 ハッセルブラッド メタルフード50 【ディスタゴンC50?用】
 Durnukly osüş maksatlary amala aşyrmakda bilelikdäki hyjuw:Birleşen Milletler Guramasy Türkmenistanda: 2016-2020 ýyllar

* * *

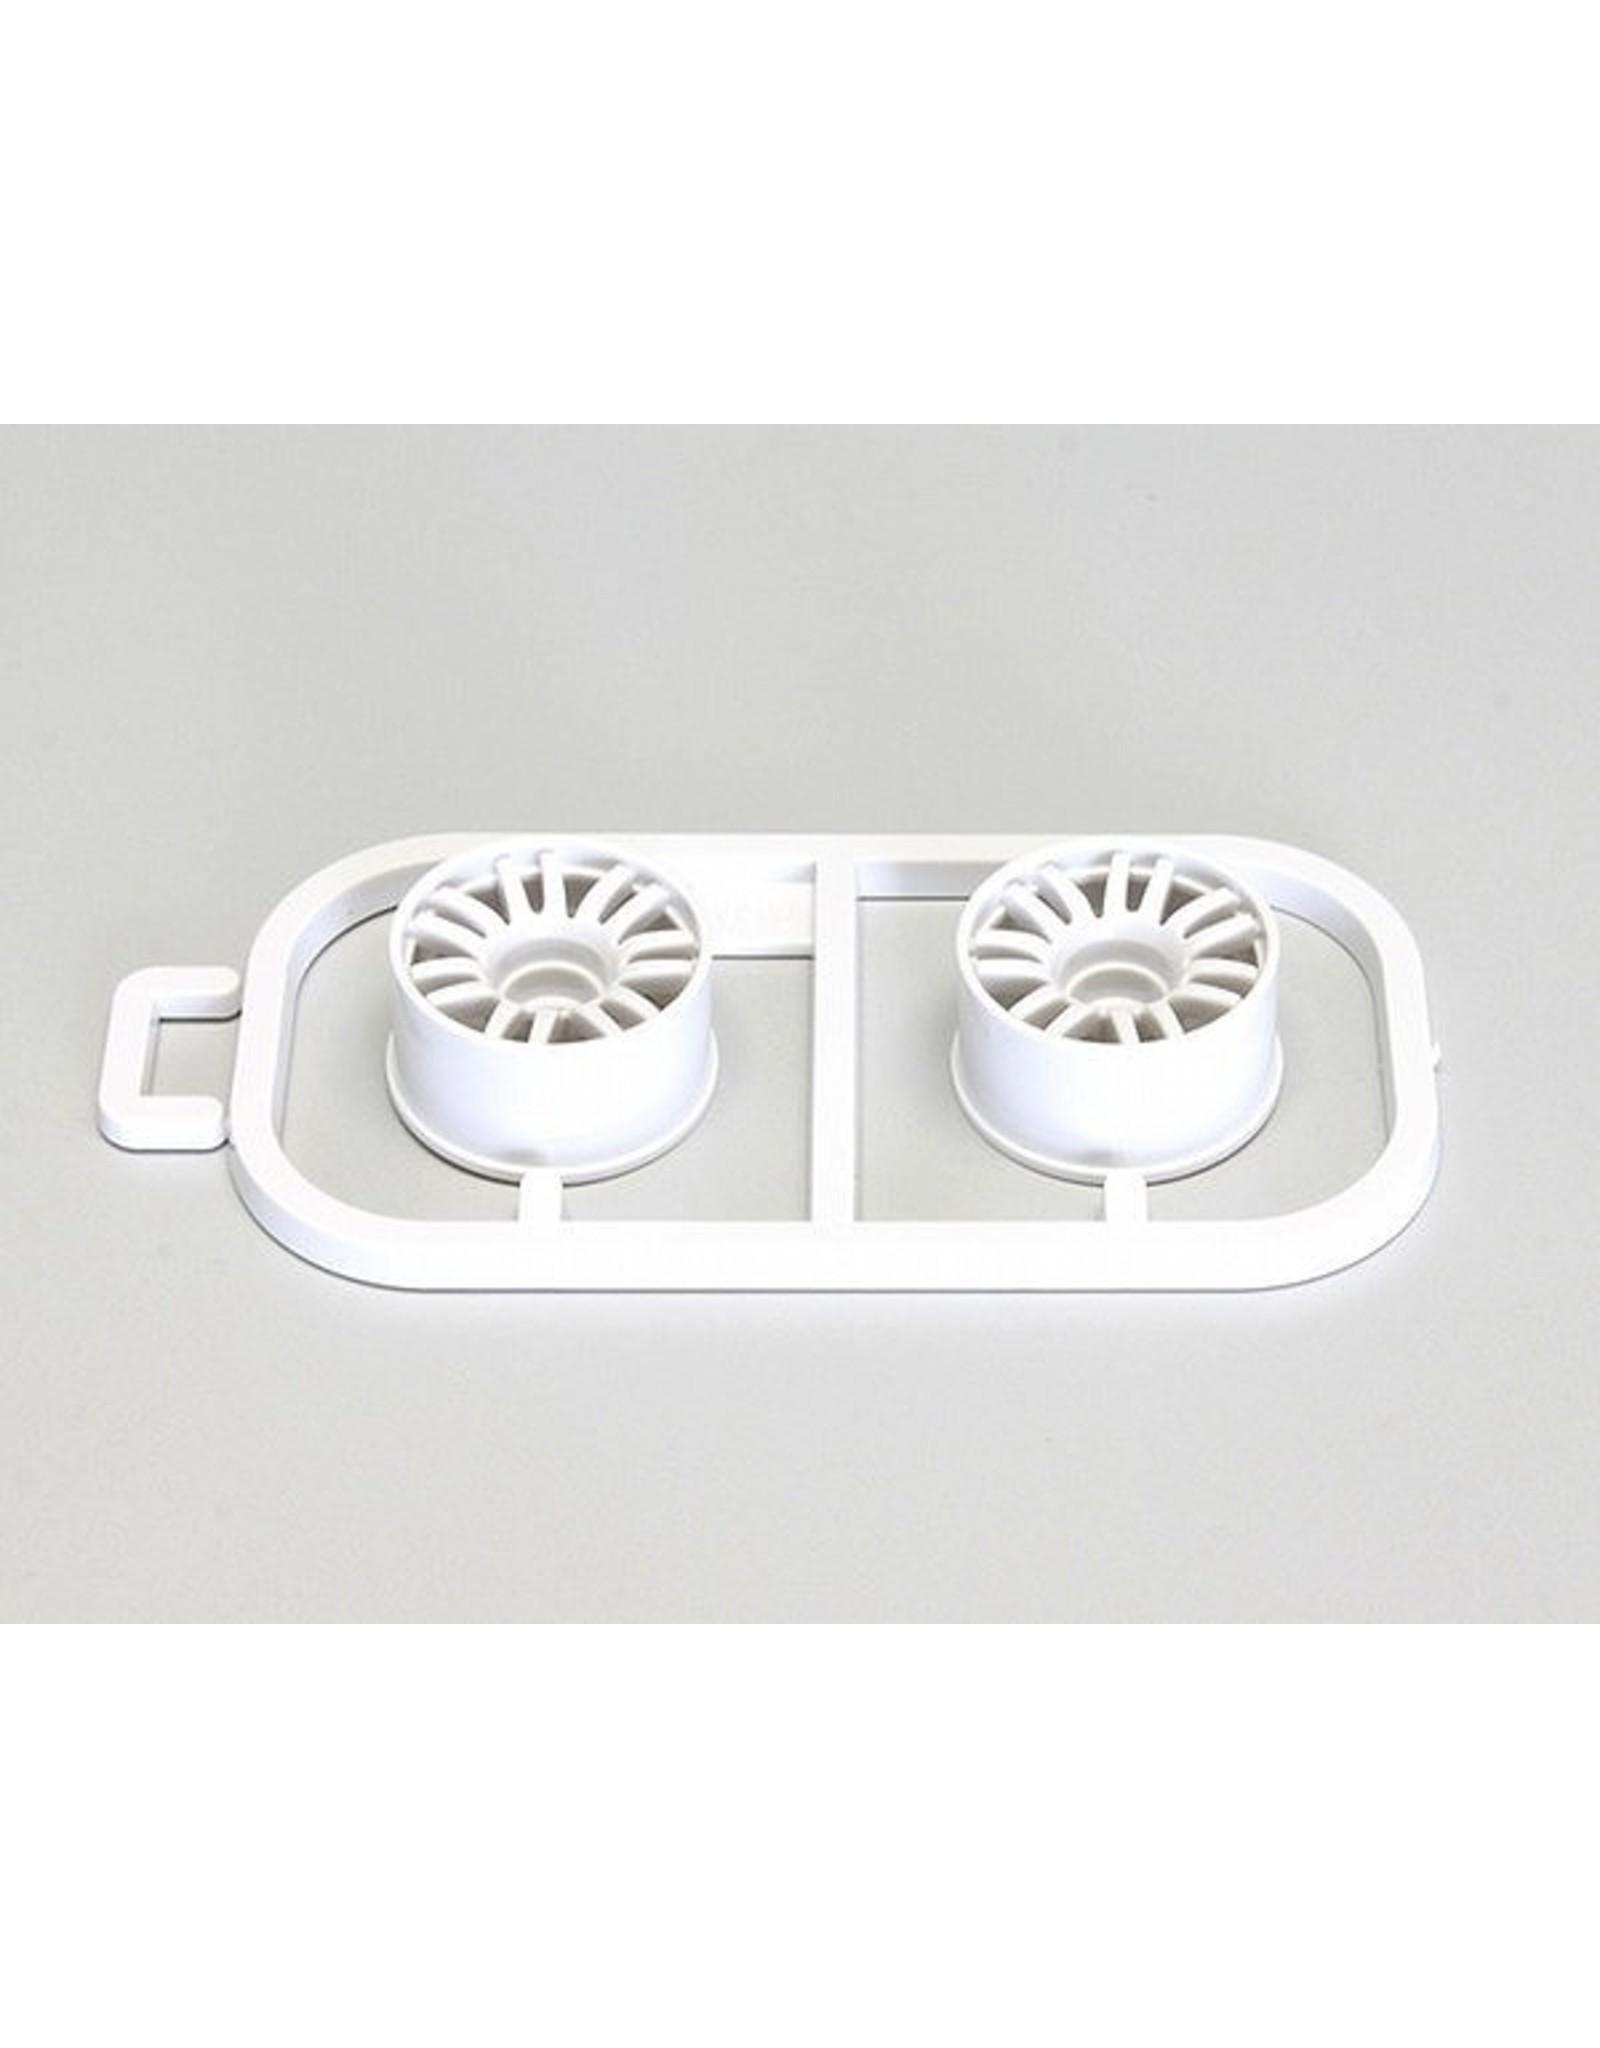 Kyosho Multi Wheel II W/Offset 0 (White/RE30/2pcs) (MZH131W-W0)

--

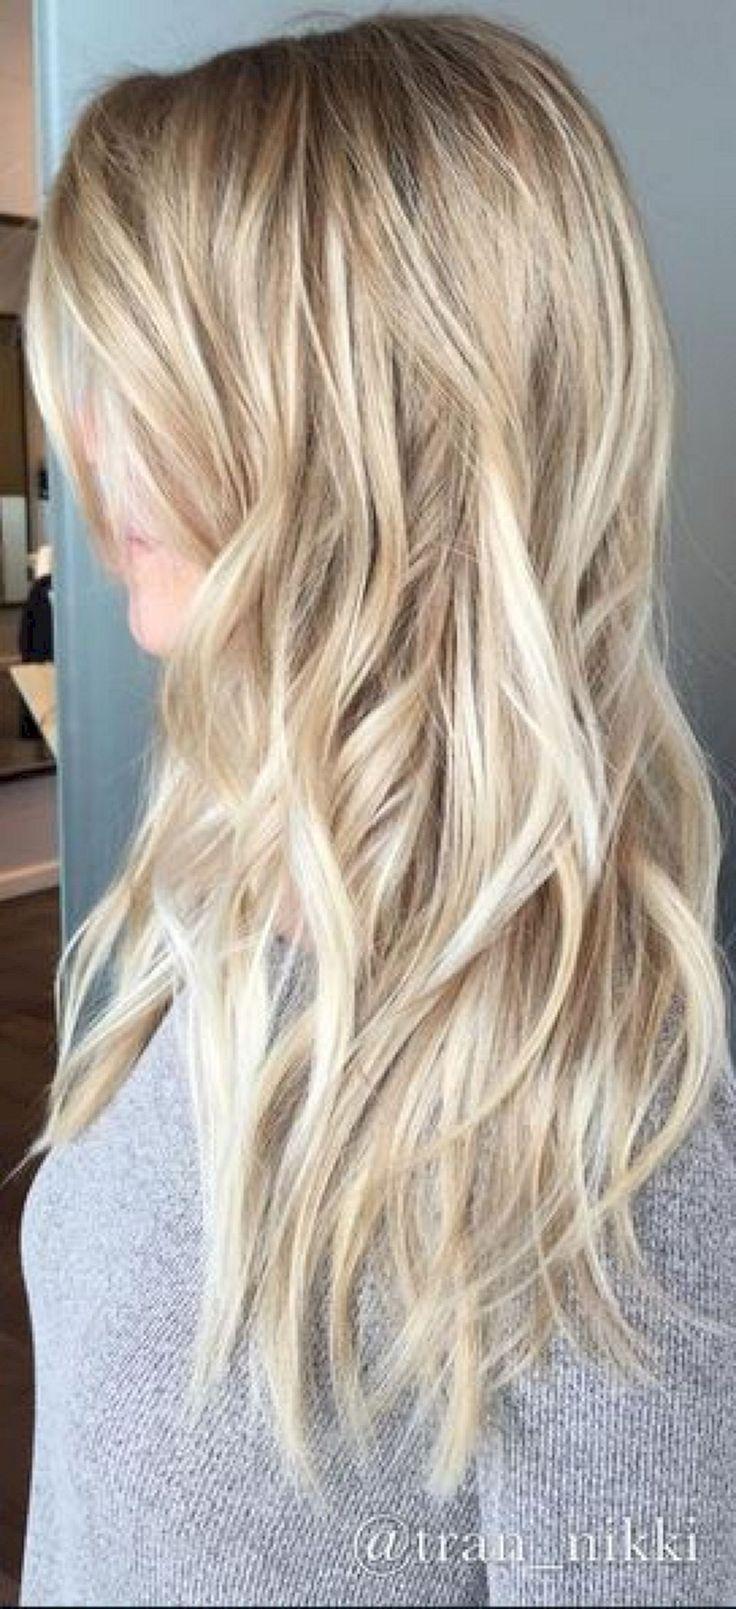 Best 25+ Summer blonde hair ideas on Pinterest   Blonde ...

PROBLEM REQUIREMENTS: Beginning with the line above that contains "ハッセルブラッド メタルフード50 【ディスタゴンC50?用】", copy each line exactly up to and including the line that contains "Durnukly osüş maksatlary", and go no further.

COMPLETED EXERCISE:
 ハッセルブラッド メタルフード50 【ディスタゴンC50?用】
 Durnukly osüş maksatlary amala aşyrmakda bilelikdäki hyjuw:Birleşen Milletler Guramasy Türkmenistanda: 2016-2020 ýyllar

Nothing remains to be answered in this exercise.